**What you should do:**
Print nothing except the lines of the listing below from the line with "PAS 2022 Event Event Banner" to the line with "Emerald Cut 4.65", each exactly as written, both ends included.

**The data:**

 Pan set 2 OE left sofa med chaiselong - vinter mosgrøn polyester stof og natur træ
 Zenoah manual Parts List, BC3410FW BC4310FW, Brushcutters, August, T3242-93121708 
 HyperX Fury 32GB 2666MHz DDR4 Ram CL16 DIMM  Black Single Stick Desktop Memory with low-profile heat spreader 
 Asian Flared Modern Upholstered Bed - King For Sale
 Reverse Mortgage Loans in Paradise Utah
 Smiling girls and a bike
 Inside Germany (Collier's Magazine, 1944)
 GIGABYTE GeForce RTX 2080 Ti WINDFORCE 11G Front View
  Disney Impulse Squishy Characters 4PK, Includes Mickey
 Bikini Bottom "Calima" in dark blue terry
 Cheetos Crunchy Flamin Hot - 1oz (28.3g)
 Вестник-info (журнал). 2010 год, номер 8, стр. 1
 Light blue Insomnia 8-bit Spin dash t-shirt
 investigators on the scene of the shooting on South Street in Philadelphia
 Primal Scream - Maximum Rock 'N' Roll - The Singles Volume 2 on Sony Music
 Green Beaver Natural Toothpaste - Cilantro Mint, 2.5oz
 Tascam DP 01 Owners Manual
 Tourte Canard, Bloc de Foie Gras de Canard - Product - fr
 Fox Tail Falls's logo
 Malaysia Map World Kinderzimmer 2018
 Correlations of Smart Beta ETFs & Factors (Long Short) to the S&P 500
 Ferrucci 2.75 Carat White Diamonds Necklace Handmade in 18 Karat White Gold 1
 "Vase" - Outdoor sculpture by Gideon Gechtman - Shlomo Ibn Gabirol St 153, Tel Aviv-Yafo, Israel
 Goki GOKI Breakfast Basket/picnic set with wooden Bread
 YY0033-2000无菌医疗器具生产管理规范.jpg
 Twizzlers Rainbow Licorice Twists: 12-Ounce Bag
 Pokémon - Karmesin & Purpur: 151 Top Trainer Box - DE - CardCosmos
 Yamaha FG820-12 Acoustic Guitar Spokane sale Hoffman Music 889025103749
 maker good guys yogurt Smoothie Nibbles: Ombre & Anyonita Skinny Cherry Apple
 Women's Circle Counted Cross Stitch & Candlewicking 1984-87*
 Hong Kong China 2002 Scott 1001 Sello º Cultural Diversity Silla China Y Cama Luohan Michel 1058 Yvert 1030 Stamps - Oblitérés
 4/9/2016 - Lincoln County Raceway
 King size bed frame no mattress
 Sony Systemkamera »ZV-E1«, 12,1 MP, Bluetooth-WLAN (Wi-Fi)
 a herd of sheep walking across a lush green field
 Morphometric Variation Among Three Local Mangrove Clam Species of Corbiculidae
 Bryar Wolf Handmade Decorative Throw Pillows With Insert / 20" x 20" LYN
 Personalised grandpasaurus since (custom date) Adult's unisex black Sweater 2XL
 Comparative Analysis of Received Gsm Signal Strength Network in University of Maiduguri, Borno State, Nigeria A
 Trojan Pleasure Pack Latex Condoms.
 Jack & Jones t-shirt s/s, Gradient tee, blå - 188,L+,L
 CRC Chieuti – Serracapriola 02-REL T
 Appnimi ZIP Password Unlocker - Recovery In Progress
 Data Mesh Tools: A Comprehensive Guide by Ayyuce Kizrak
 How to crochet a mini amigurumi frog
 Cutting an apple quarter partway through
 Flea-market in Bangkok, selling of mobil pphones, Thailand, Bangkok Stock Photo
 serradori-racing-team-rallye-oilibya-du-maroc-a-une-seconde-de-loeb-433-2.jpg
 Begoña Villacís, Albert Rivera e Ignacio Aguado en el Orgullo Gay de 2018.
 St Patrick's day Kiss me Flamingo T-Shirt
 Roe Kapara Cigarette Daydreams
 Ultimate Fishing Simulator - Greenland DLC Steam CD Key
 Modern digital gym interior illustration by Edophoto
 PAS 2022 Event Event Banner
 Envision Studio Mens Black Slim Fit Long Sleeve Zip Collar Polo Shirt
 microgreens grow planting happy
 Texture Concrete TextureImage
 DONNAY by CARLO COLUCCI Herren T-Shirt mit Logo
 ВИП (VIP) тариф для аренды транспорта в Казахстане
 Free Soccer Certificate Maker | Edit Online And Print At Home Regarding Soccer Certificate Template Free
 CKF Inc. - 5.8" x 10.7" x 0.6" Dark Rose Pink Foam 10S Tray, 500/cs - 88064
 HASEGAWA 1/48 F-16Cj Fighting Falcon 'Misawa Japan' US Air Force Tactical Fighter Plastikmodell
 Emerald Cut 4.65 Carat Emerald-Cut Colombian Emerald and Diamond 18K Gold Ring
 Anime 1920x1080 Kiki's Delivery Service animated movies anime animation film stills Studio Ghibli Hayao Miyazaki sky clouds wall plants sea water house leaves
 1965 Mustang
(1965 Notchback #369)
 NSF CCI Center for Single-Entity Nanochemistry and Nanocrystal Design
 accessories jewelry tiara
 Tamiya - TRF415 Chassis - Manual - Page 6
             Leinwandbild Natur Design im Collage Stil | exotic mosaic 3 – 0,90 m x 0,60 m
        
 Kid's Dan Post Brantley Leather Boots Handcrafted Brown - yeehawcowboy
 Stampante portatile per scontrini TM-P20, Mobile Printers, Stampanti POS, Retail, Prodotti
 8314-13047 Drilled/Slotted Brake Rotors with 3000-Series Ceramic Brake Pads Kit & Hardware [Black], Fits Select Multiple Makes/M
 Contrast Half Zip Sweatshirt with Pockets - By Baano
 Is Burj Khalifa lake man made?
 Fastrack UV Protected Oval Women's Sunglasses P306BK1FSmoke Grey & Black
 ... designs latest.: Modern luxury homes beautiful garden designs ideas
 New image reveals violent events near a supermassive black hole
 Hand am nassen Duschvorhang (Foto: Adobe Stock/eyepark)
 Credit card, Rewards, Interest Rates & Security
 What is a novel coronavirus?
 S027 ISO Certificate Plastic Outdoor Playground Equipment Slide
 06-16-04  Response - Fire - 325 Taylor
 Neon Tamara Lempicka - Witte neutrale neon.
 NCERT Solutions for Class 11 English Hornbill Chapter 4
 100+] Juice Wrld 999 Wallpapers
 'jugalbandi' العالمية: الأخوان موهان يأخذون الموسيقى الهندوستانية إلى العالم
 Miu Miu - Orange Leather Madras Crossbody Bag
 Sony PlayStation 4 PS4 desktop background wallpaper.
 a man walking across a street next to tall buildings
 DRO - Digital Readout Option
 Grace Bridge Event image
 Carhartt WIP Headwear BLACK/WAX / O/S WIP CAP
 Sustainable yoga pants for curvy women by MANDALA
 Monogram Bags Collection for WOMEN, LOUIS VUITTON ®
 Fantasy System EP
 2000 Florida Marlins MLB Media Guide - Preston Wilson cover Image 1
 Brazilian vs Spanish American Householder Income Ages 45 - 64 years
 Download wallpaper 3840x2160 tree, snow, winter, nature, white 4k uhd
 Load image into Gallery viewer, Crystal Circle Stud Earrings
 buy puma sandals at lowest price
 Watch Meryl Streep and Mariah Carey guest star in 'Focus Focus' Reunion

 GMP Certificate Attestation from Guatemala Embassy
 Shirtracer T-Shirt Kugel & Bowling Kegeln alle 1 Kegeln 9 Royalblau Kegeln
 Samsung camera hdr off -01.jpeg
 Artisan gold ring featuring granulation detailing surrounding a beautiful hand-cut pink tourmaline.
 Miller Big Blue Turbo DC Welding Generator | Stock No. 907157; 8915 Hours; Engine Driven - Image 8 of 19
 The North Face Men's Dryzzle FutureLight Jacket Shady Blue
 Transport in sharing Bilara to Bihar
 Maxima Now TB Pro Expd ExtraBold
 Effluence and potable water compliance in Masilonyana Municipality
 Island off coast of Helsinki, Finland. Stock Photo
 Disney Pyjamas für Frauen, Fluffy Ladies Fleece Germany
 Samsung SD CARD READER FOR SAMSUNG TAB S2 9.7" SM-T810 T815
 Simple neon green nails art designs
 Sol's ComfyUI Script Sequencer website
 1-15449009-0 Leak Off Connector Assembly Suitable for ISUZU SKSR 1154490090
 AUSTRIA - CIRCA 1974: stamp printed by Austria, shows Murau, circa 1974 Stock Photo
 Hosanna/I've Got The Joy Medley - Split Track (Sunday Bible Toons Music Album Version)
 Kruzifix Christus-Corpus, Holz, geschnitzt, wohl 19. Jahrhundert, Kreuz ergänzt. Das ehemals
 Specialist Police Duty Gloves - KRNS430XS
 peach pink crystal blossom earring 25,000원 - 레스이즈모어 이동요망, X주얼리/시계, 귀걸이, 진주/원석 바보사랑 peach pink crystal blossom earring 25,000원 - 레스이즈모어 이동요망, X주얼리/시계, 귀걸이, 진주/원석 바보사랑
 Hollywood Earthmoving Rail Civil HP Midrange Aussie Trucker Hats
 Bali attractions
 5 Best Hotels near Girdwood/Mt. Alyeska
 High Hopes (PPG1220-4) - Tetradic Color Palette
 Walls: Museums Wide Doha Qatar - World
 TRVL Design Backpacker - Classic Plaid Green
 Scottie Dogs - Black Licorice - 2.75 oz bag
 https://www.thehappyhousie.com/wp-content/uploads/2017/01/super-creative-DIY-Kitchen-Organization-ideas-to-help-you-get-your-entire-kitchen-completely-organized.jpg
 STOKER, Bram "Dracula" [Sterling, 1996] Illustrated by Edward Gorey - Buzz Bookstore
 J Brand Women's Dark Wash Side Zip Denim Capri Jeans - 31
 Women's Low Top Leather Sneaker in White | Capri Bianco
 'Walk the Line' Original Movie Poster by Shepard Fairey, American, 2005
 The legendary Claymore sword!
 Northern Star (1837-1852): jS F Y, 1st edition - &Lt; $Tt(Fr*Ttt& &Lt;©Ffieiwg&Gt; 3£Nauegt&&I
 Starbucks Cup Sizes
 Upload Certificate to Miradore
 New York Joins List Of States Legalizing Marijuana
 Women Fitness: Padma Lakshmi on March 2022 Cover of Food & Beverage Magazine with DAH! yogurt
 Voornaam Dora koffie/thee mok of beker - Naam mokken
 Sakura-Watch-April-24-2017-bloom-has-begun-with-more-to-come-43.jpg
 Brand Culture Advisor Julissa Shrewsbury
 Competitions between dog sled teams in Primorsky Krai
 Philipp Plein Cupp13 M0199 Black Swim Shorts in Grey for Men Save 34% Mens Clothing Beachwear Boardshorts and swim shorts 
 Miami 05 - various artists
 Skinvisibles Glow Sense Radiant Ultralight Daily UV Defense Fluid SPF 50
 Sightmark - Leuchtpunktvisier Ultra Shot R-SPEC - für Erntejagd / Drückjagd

**Solution for this problem:**
 PAS 2022 Event Event Banner
 Envision Studio Mens Black Slim Fit Long Sleeve Zip Collar Polo Shirt
 microgreens grow planting happy
 Texture Concrete TextureImage
 DONNAY by CARLO COLUCCI Herren T-Shirt mit Logo
 ВИП (VIP) тариф для аренды транспорта в Казахстане
 Free Soccer Certificate Maker | Edit Online And Print At Home Regarding Soccer Certificate Template Free
 CKF Inc. - 5.8" x 10.7" x 0.6" Dark Rose Pink Foam 10S Tray, 500/cs - 88064
 HASEGAWA 1/48 F-16Cj Fighting Falcon 'Misawa Japan' US Air Force Tactical Fighter Plastikmodell
 Emerald Cut 4.65 Carat Emerald-Cut Colombian Emerald and Diamond 18K Gold Ring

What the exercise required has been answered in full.